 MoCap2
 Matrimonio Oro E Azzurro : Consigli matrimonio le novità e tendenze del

—————

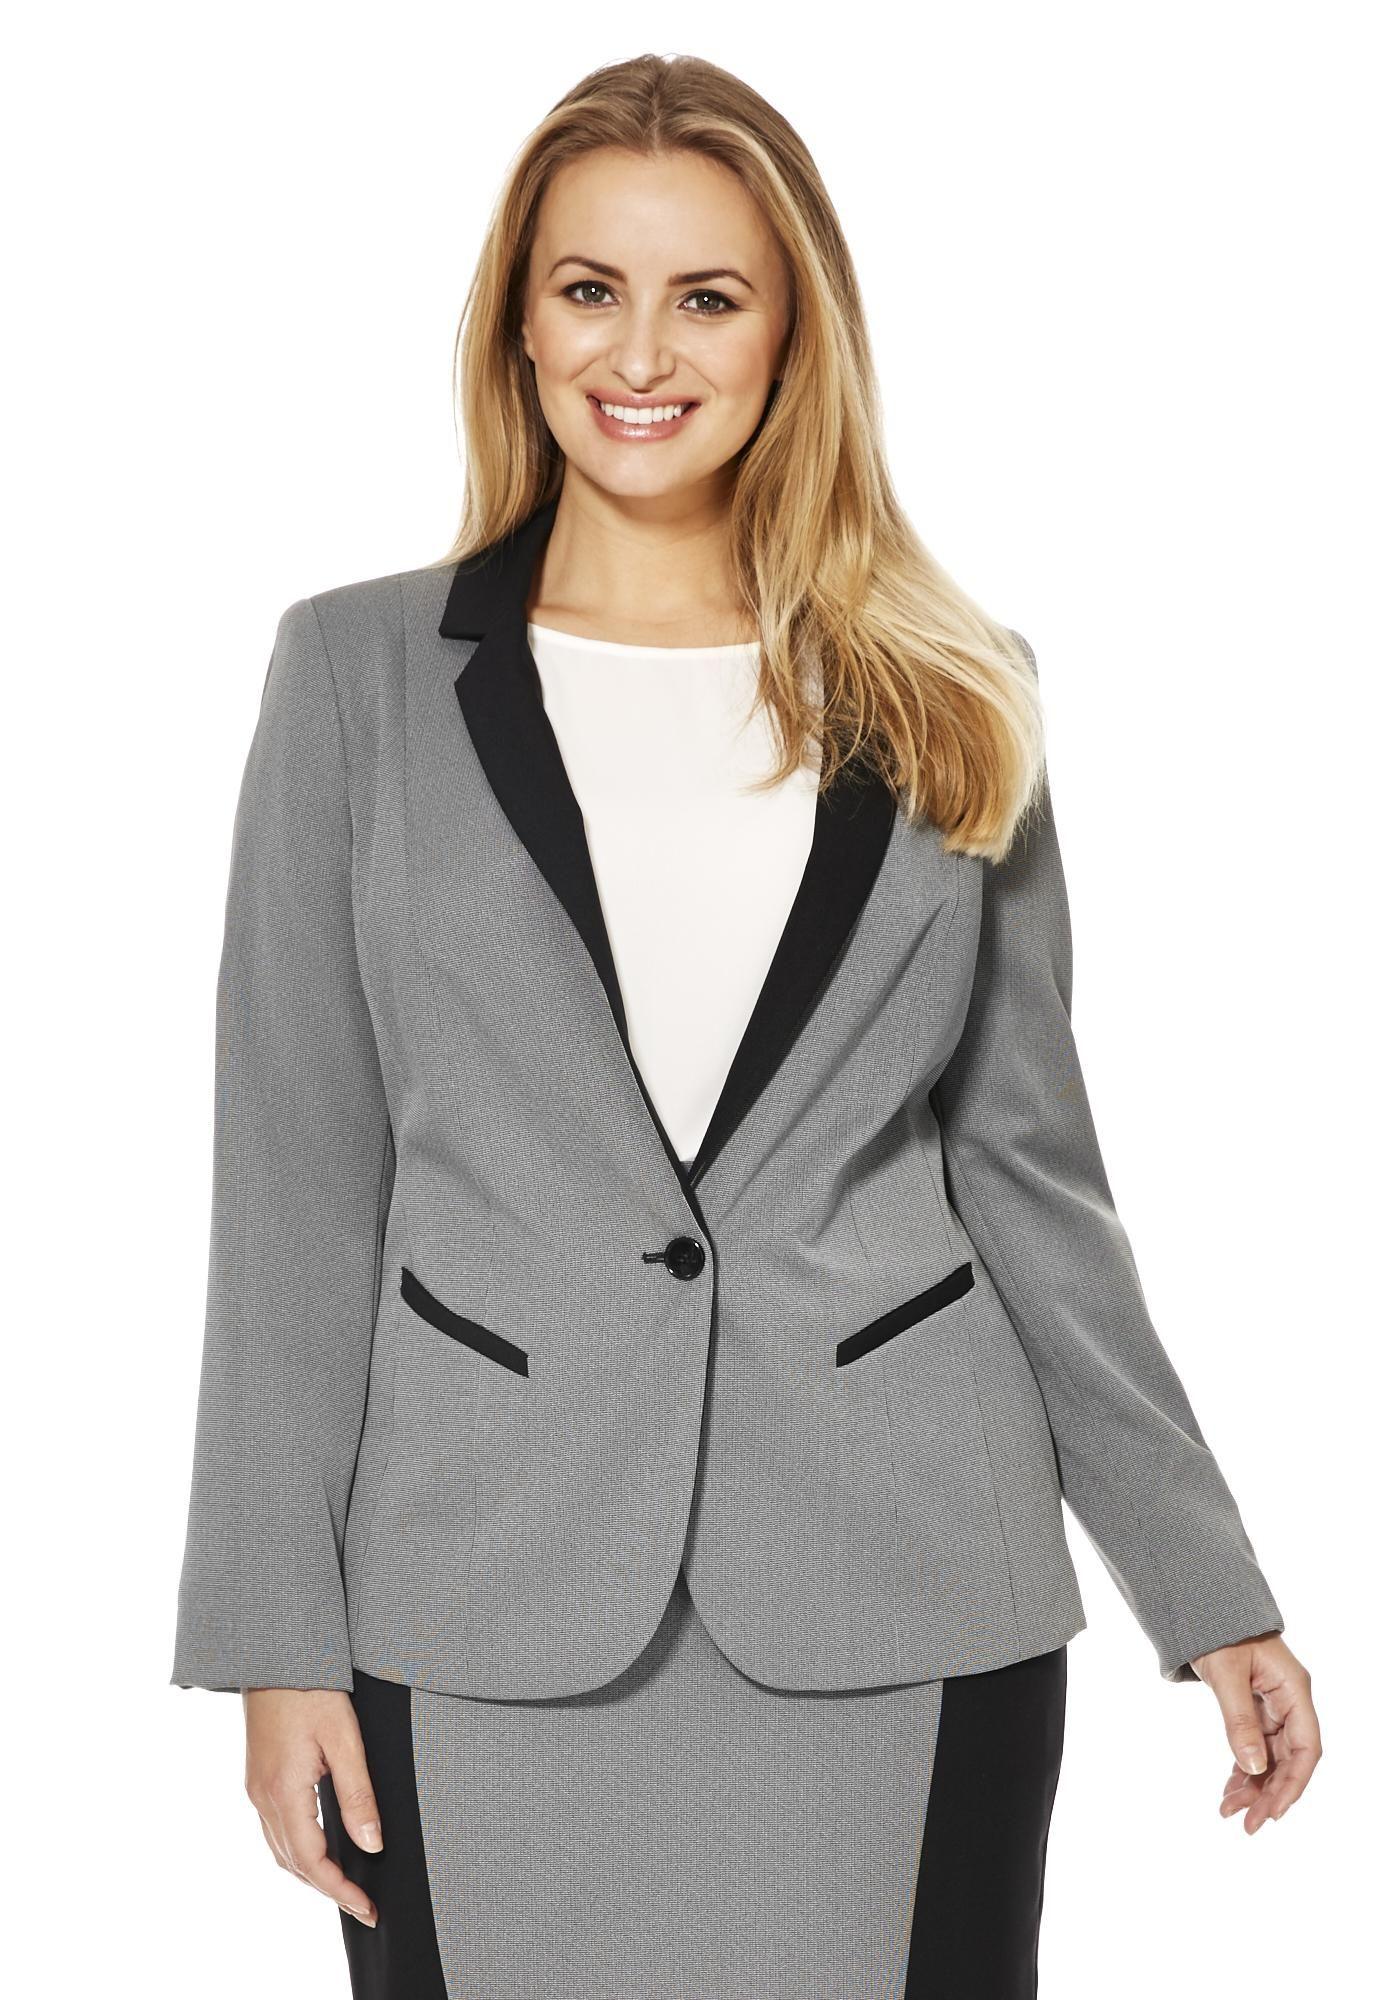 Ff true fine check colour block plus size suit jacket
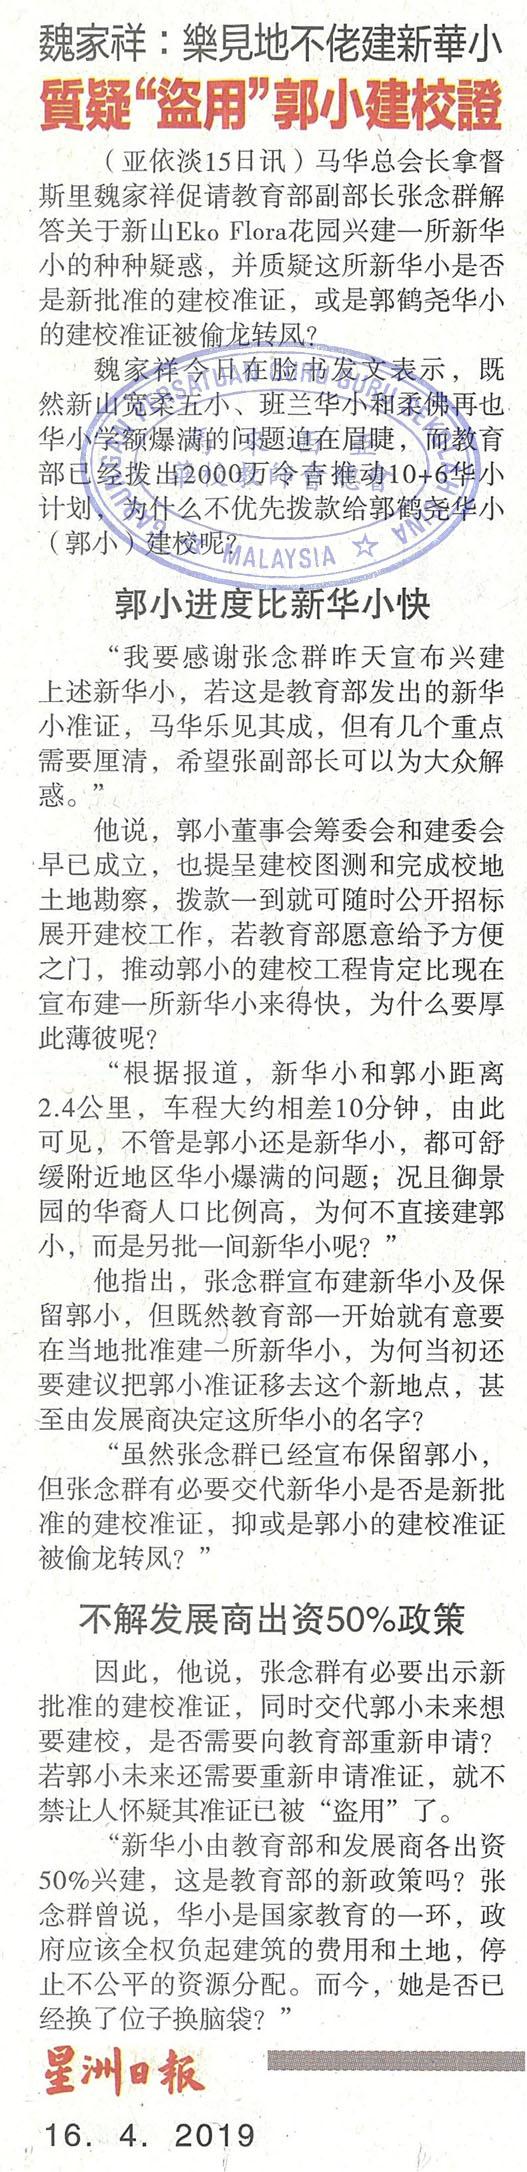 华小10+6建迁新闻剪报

—————

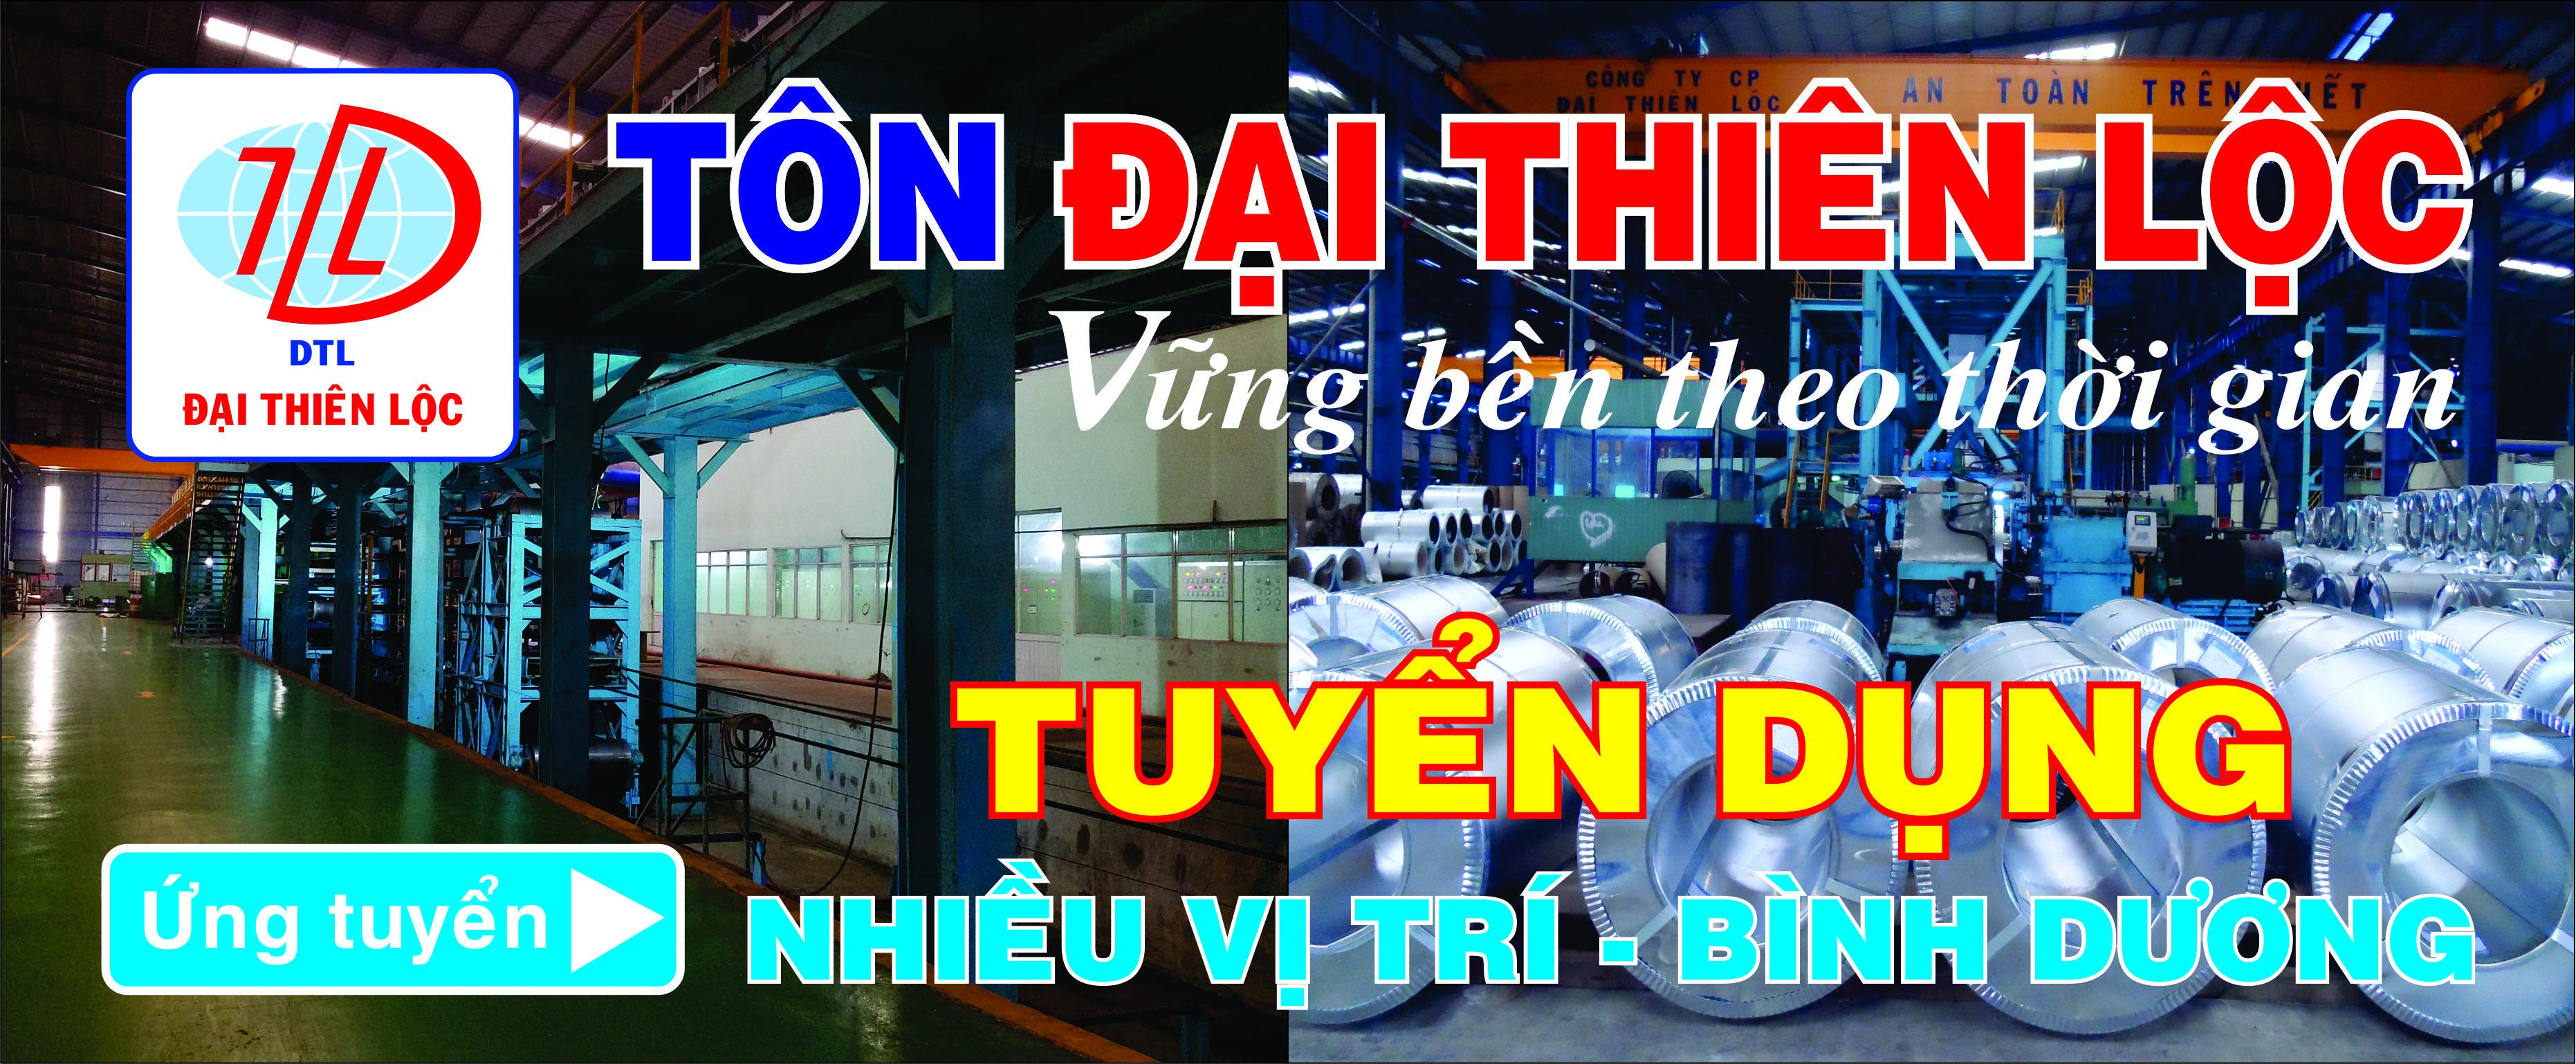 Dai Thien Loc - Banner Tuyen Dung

—————

With the pictures omitted, copy exactly the lines of the listing above starting at the line containing "Ff true fine" and ending at the line containing "华小10+6建迁新闻剪报", both included.

 Ff true fine check colour block plus size suit jacket
 华小10+6建迁新闻剪报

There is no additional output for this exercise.